*To do*: All of the listing is to be written out word for word, with the pictures left out.

*Data block*:
------
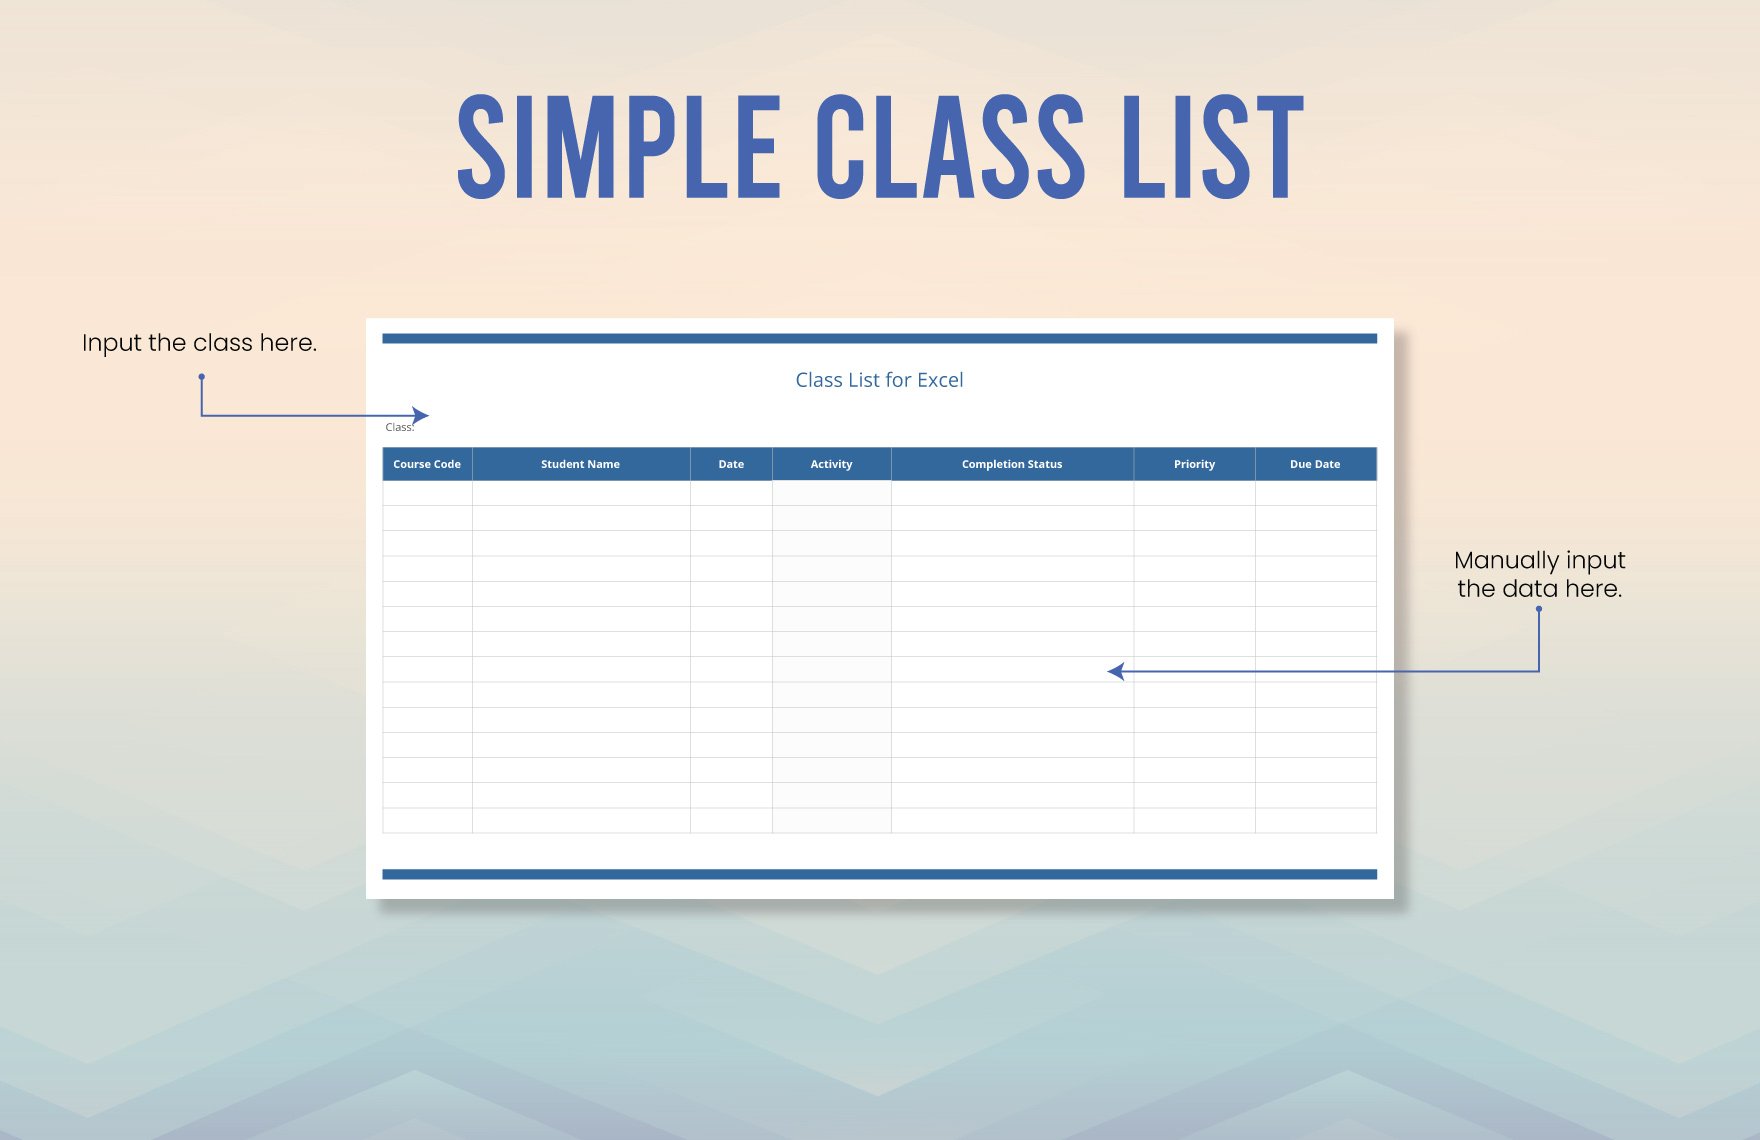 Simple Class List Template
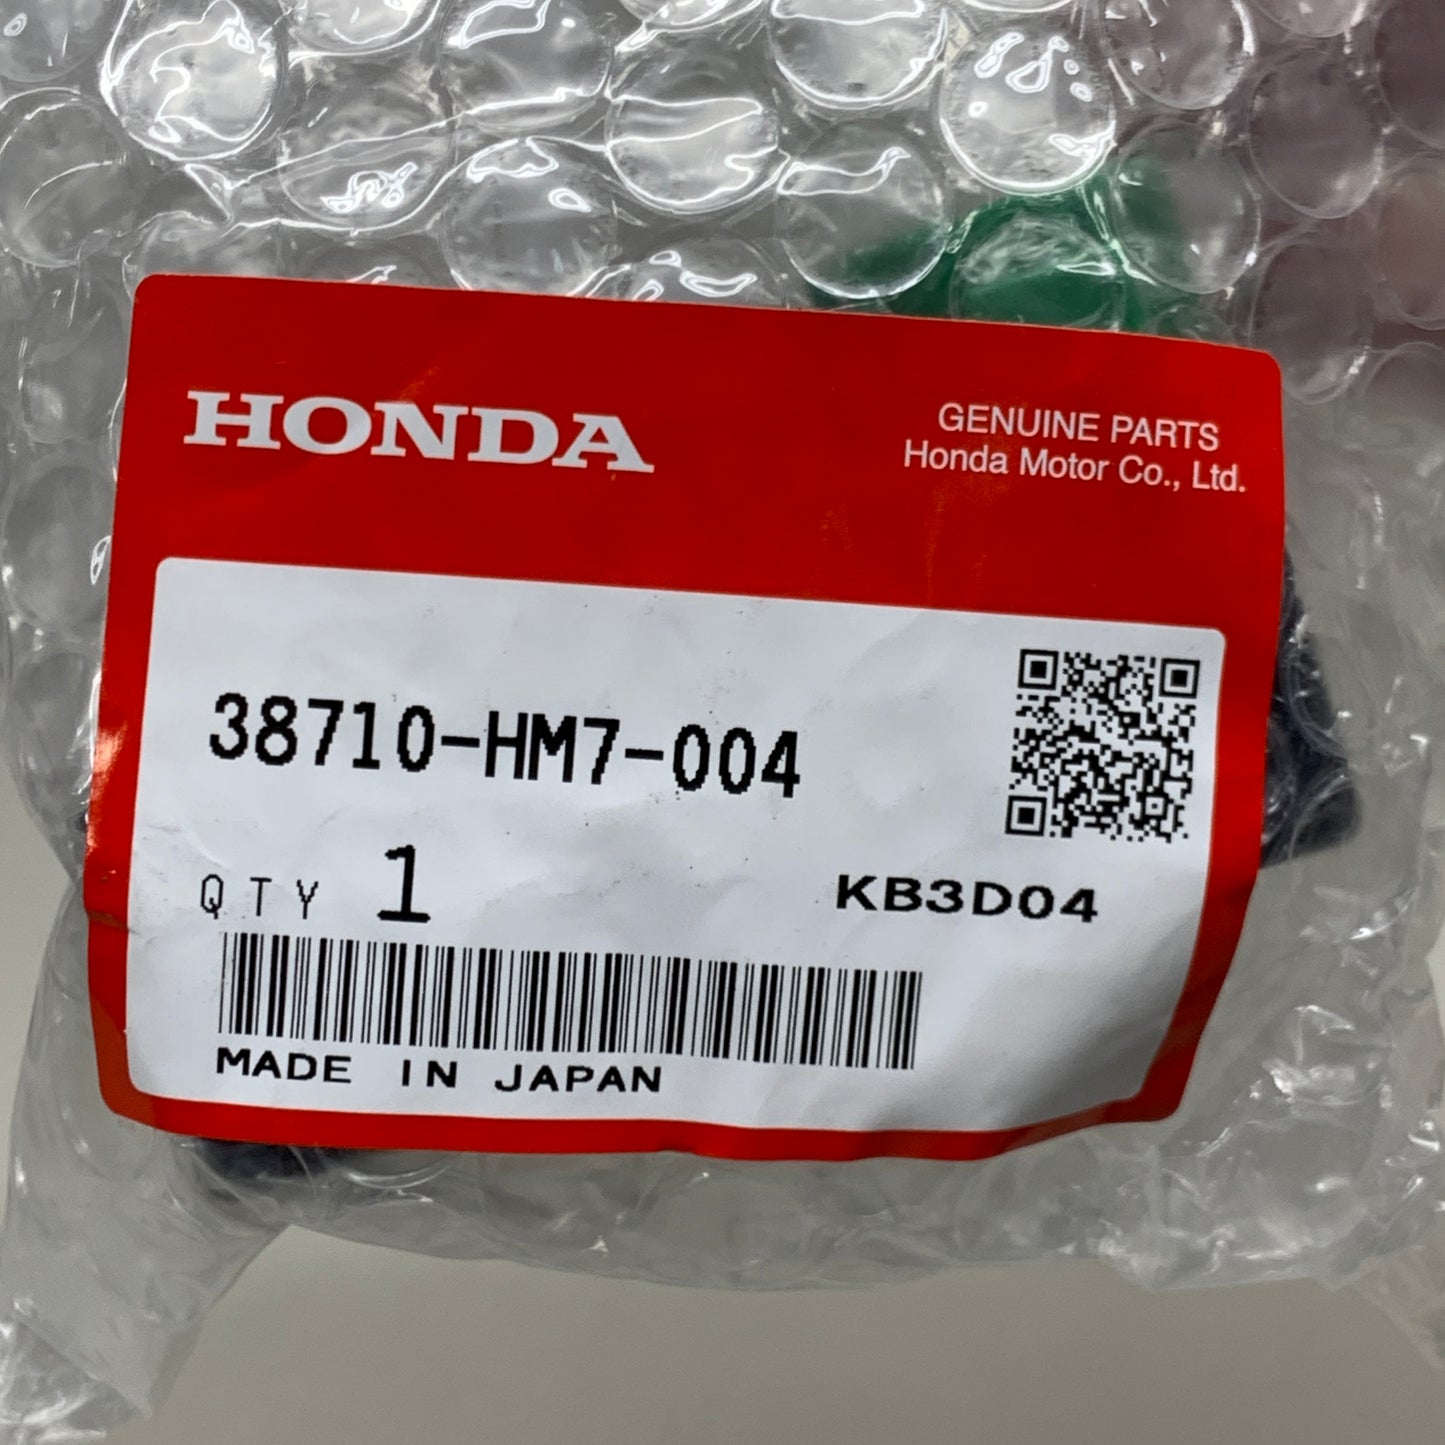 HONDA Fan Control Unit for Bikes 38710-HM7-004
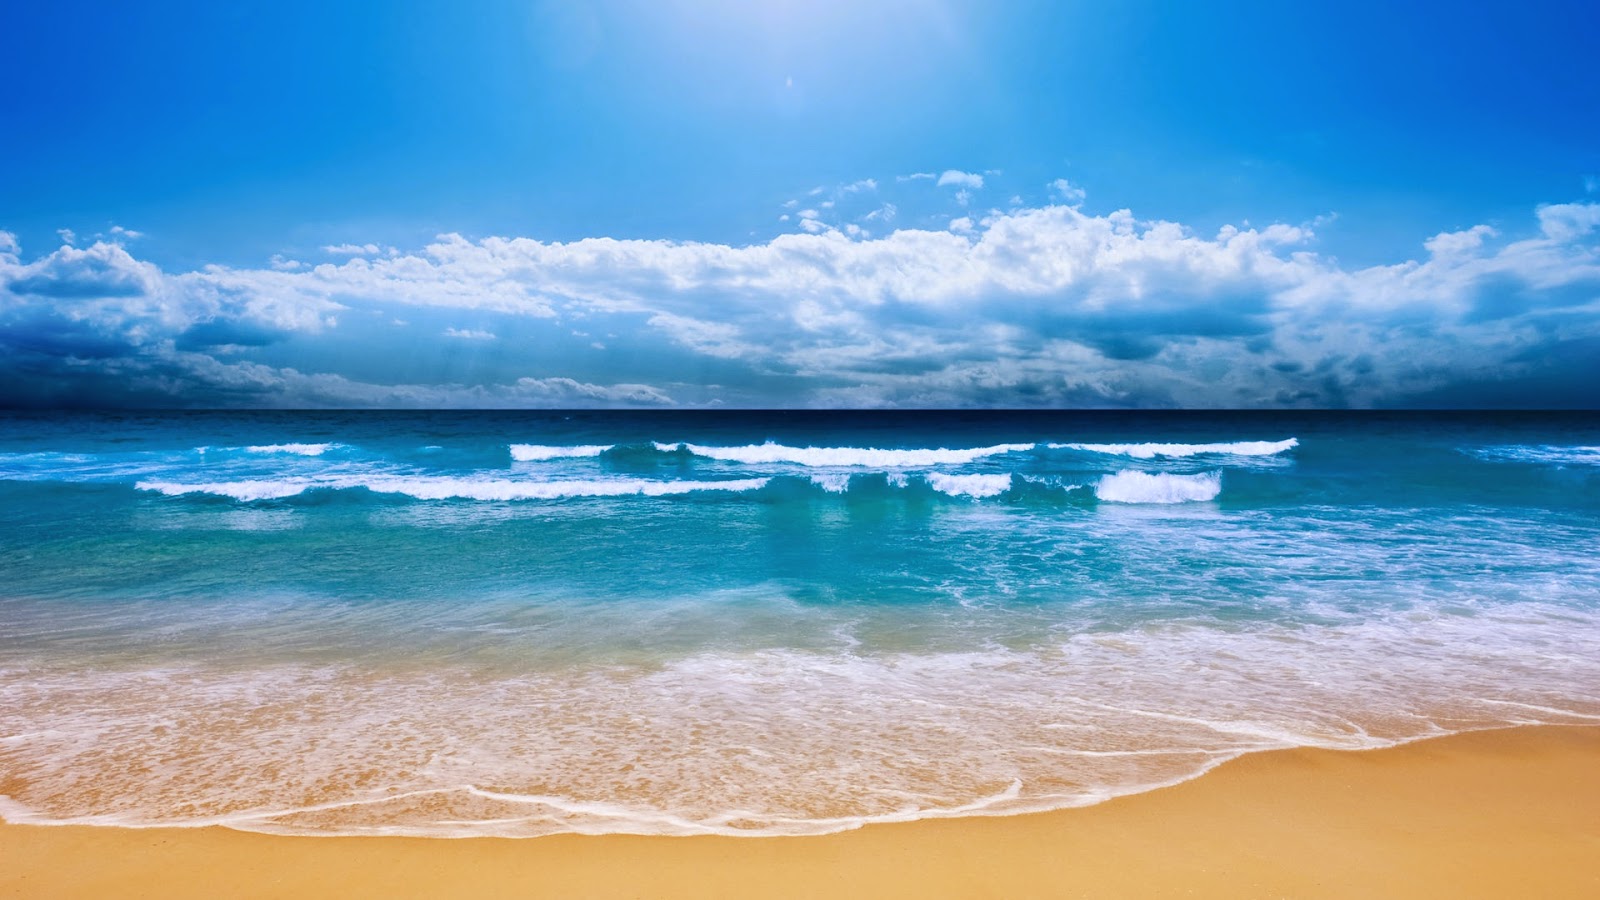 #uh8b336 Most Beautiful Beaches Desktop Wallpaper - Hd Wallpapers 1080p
------
*Written answer*:
 Simple Class List Template
 HONDA Fan Control Unit for Bikes 38710-HM7-004
 #uh8b336 Most Beautiful Beaches Desktop Wallpaper - Hd Wallpapers 1080p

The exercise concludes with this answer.